The development of the terminal regions of the Drosophila embryo is dependent upon the activity of the terminal class of maternal genes. Loss-of-function mutations in these genes result in embryos that lack elements of the head and tail (Figure 6). How are the two ends defined by a single pathway? As in the DV pathway, a key gene in the terminal class pathway encodes a transmembrane receptor that is uniformly distributed in the embryonic membrane but activated in a spatially-specific manner, in this case at the ends of the embryo. This receptor, Torso, is a member of the class of receptors called receptor tyrosine kinases (RTKs), which are extremely important in human health and disease. For example, mutations in the Epidermal Growth Factor Receptor play a major role in breast cancer while mutations in the human Fibroblast Growth Factor Receptor result in more than a dozen congenital diseases affecting skeletal development.
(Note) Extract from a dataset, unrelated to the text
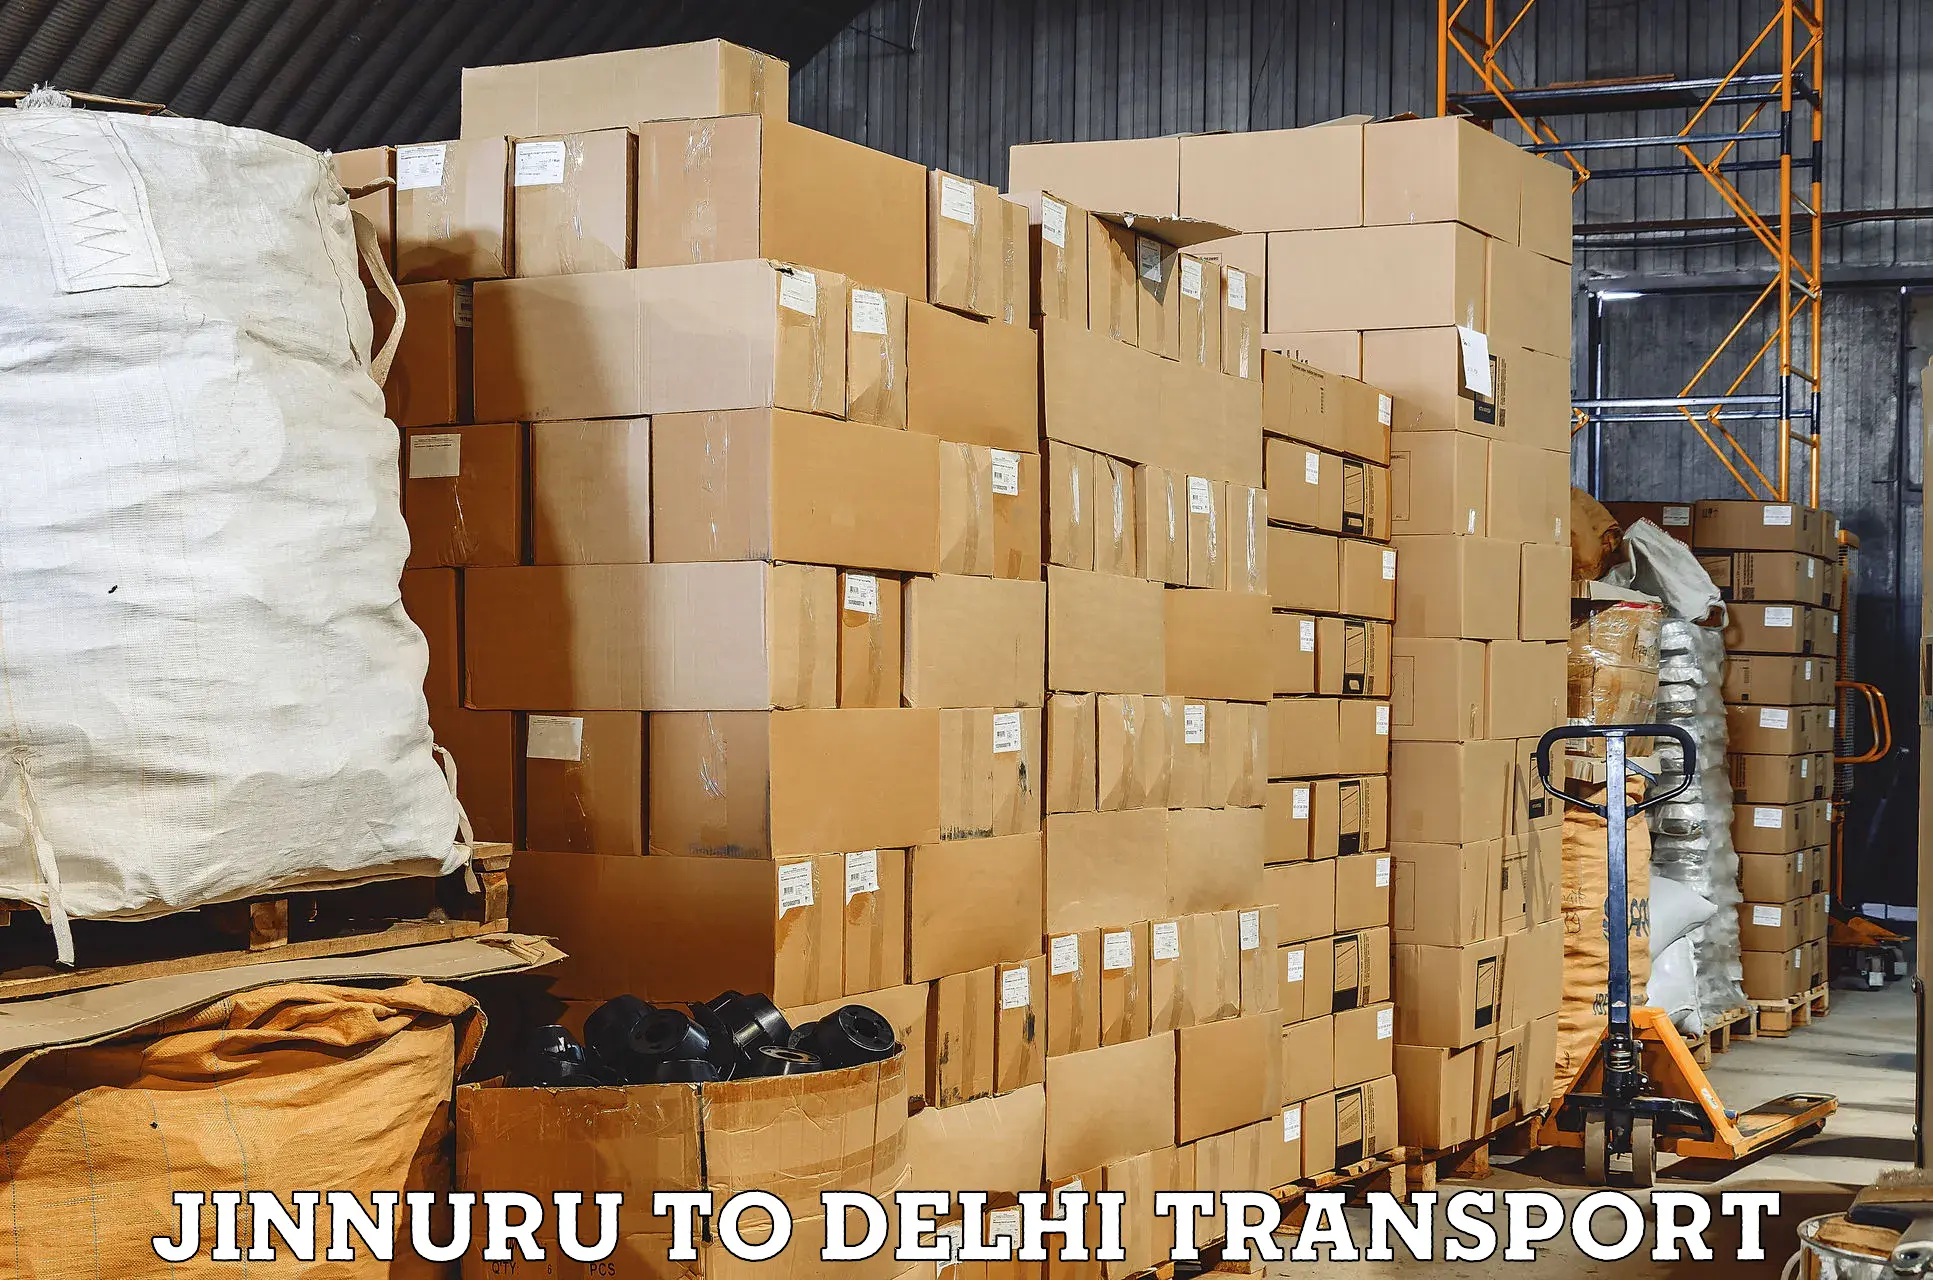 Truck transport companies in India Jinnuru to Naraina Industrial Estate

The ligand for Torso is presumed to be encoded by the terminal class gene trunk. Like Spz in the DV pathway, Trunk is expressed in the germline and thought to be secreted as an inactive precursor into the perivitelline space that surrounds the developing embryo, where it is converted into an active ligand only at the poles. The spatial parameters of Torso activation are determined by Torsolike, which is expressed only in the polar regions of the follicular epithelium (Figure 7). Torsolike is a secreted protein that becomes localized to the polar regions of the vitelline membrane. The restriction of Torsolike expression to the poles of the follicle is essential for normal embryonic patterning; when Torsolike is ectopically expressed throughout the follicle cell layer, Torso is ectopically activated, terminal structures are expanded, and the embryos exhibit disruptions in the middle segments.
A key unanswered question is what is the role of Torsolike in Torso activation? Torsolike exhibits homology to the Membrane Attack Complex (MAC)/Perforin molecules that participate in cell killing in the immune system by embedding themselves in the cell membrane and creating pores. However, we currently do not understand how or whether this domain contributes to the function of the Torsolike protein. Ongoing efforts are directed towards understanding how Trunk activates Torso specifically at the anterior and posterior ends of the embryo and learning the role of Torsolike in this process.
Figure 7. Expression of the torsolike gene during oogenesis in the egg chamber (follicle) in which the oocyte (future egg) develops. torsolike (blue) is expressed in two populations of follicle cells at the anterior and posterior ends of the developing egg cell.
References:
Zhang, Z., Stevens, L. M., and Stein, D. (2009). Sulfation of eggshell components by Pipe defines dorsal-ventral polarity in the Drosophila embryo. Current Biology 19, 1200-1205.
Cho, Y. S., Stevens, L. M. and Stein, D. (2010). Pipe-dependent ventral processing of Easter by Snake is the defining step in Drosophila embryo DV axis formation. Current Biology 20, 1133-1137.
Cho, Y.S., Stevens, L.M., Sievermann, K.J., Nguyen, J., and Stein, D. (2012). A ventrally localized protease in the Drosophila egg controls embryo dorsoventral polarity. Current Biology 22, 1013-1018.